Held v. Goldsmith
Citation | 96 So. 272,153 La. 598 |
Decision Date | 14 March 1919 |
Docket Number | 22040 |
Court | Supreme Court of Louisiana |
Parties | HELD v. GOLDSMITH |
On Rehearing, April 2, 1923
Appeal from Civil District Court, Parish of Orleans; George H Theard, Judge.
Action by A. Held against Ralph Goldsmith.
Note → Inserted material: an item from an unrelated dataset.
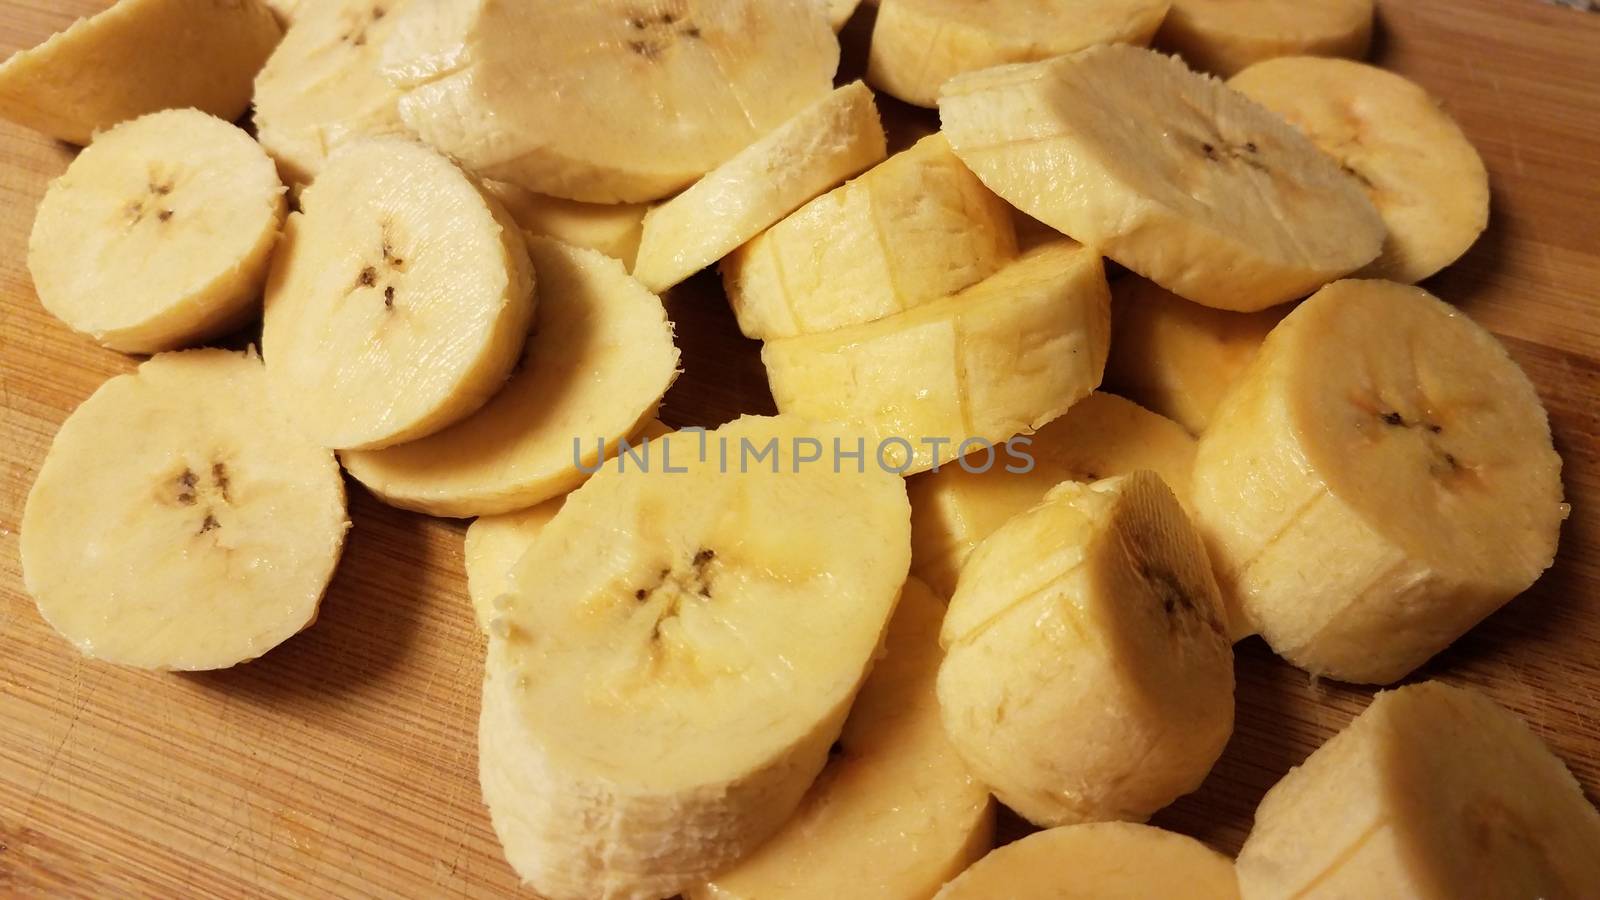 sliced plantain banana on wood cutting board by stockphotofan1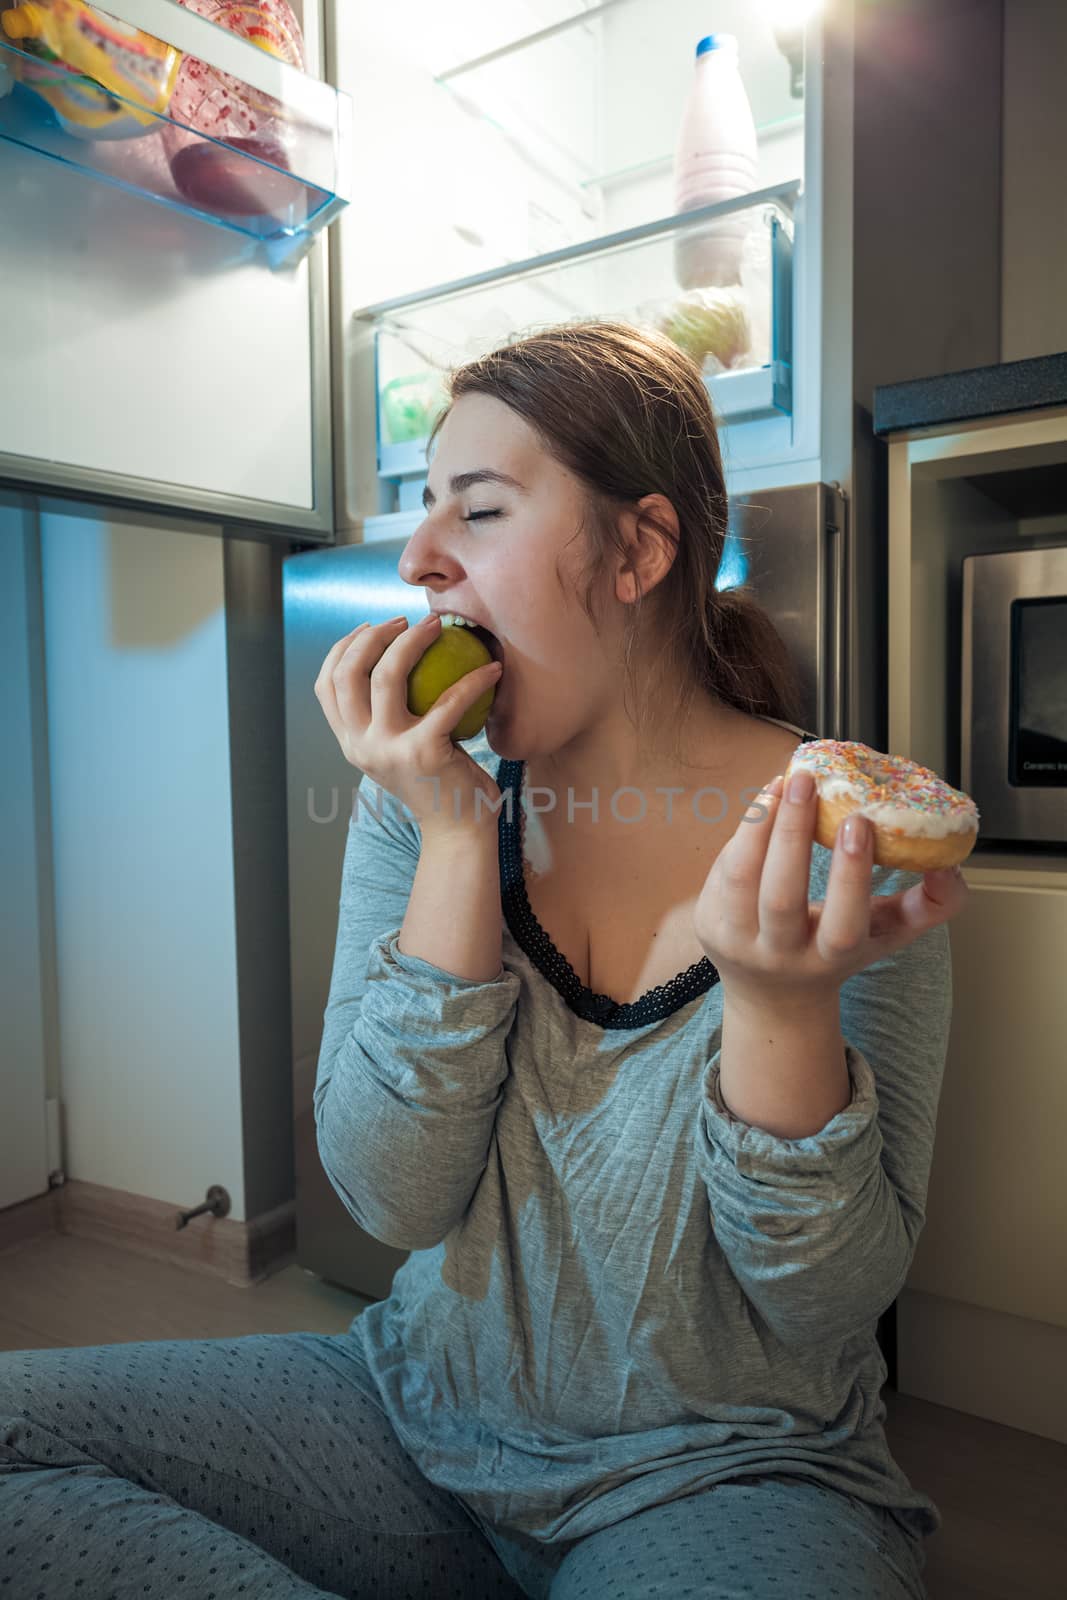 Closeup portrait of woman in pajamas biting apple at kitchen at night

From a judgment for plaintiff, defendant appeals.
Affirmed.
Alfred D. Danziger, of New Orleans (George A. Dreyfous and Percival H. Stern, both of New Orleans, of counsel), for appellant.
Terriberry Rice & Young, of New Orleans, for appellee.
Defendant, appellant, against whom judgment was rendered in the lower court in favor of plaintiff for the sum of $ 2,500, files in this court a motion for an indefinite postponement of this case, on the ground that the plaintiff is an alien enemy residing in Germany.
Counsel for plaintiff admit in their brief opposing the postponement that plaintiff is an alien enemy, but suggest that the case should proceed to final judgment, and, in event of a recovery by him, that this court direct the payment of any sum so recovered into the registry of the lower court to be by it turned over to the federal Custodian of Alien Property.
This suit was filed and decided by the lower court before a state of war between Germany and the United States was declared, and subsequent to the lodging of the appeal the war broke out.
It is a universal rule of international law that a state of war suspends all relations between the citizens of the countries so engaged, and precludes the prosecution of any action on the part of enemy aliens against the citizens of the country in which such claims may arise, except in some instances where the enemy is allowed to defend for the purpose of maintaining the status quo of property rights until the end of the war.
Caperton v. Bowyer, 81 U.S. 216, 14 Wall. 216, 20 L.Ed. 882.
See, also, Taylor's International Public Law (1901) p. 459, § 461, and page 463, § 465; Wilson on International Law, pp. 270-272; Small's Adm'r v. Lumpkin's Executrix, 69 Va. 832, 28 Grat. (Va.) 832; The Prize Cases, 67 U.S. 635, 2 Black, 635, 17 L.Ed. 459; Society for the Propagation of the Gospel v. Wheeler, 22 F. Cas. 756, 2 Gall. 105; Woolsey's Int. Law, p. 193, § 123; Cyc. vol. 40, p. 328; Kent's Com. vol. 1, p. 75.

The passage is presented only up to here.